Слабым утешением служил тот факт, что в останках убитого сохранились все четыре Скрижали. А раз так, выходит, это не констебль Второго Департамента и не ищейка Квартала Склепов. У первых в груди сидит только по одному, а у вторых – по три «серебряных Джона». Не бог весть что, но, выходит, в кои-то веки скелеты моих работодателей не торопились ухватить меня за шею своими костлявыми пальцами. И Некромейстеру Алану, и вице-канцлеру Дортмунду нужна была голова Ренегата, а не тайны, в ней хранящиеся.
Они желали, чтобы я остановил убийства, которые чинил взбесившийся кровожор, – все остальное могло пропадать пропадом.
Это упрощало дело, но не объясняло, где и через кого искать Ренегата.
По всему выходит, что за появлением вампира-отступника стоит кто-то третий. Тот, кто не стал пробовать меня нанять или уговорить, а предпочел пощекотать клинками. Кто знал, что рано или поздно я приду к лавке Эйнара Гамона. И не Калешти ли сдал меня этому третьему? Выходит, он его знает?
Вдалеке послышались резкие свистки городской стражи, привлеченной звуком выстрела. Столь быстрая реакция не удивляла: с появлением Ренегата число ночных патрулей в городе увеличили втрое.
Наскоро проверив карманы иссохшего носферату и ничего в них не обнаружив, я поспешил прочь, не желая быть застигнутым на месте происшествия. В связи с важностью задания дядюшка Витар, как глава Второго Департамента, официально наделил меня известными полномочиями, но объясняться со стражей по поводу убийства легализованного вампира все равно не хотелось. Шепну потом дяде, и он замнет все по-тихому.
Единственное, что могло бы меня задержать подле мощей этого дважды покойника, – возможность узнать его личность. Имя носферату сулило дать подсказку насчет того, кто руководил «постановкой» в Аптечном переулке. Но ведь его можно узнать и немного позже, не привлекая к себе внимания?

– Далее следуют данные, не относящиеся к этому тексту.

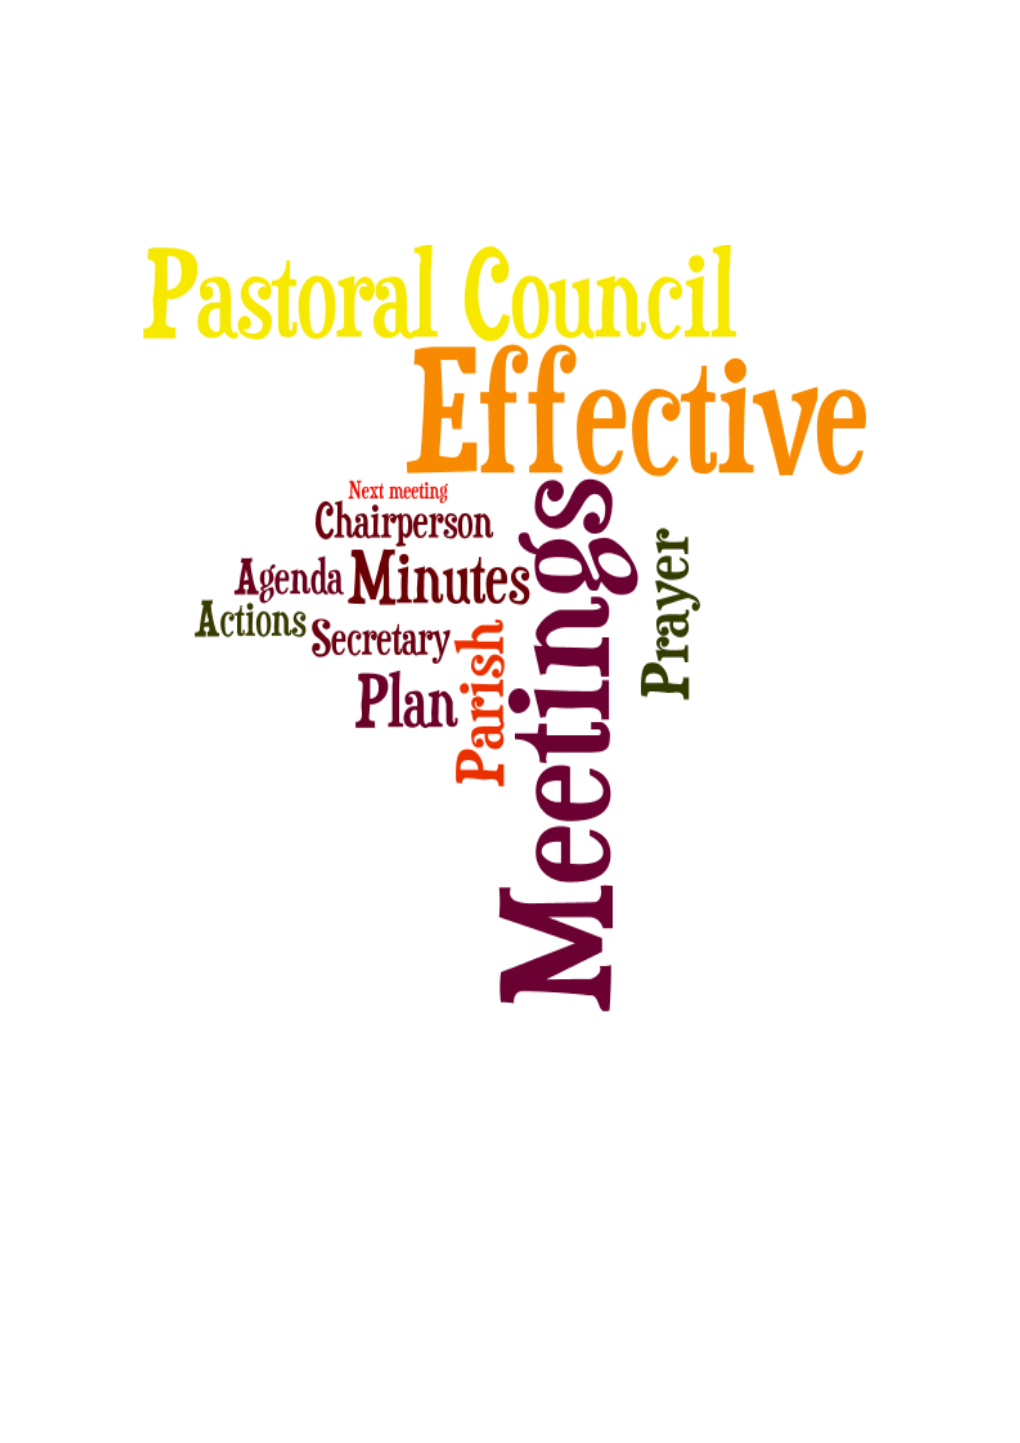 Productive Meetings Enable Pastoral Councils to Be Effective

Рассудив так, я шмыгнул в ближайший переулок, укрываясь от желтого света фонарей, которые держали перед собой бухающие сапогами стражники. В кармане у меня позвякивали серебряные Скрижали.
Три целых и одна искореженная пулей.
Глава XX
Покойная и порочная
Методично вливая в себя стакан за стаканом густое и темное тарнское вино, я сидел дома, в комнатах на Аракан-Тизис, глядел в пламя камина и баюкал разболевшуюся руку. Схватка в Аптечном переулке не прошла даром. Половина швов, наложенных доктором Шу, разошлась, так что пришлось просить его наложить их повторно.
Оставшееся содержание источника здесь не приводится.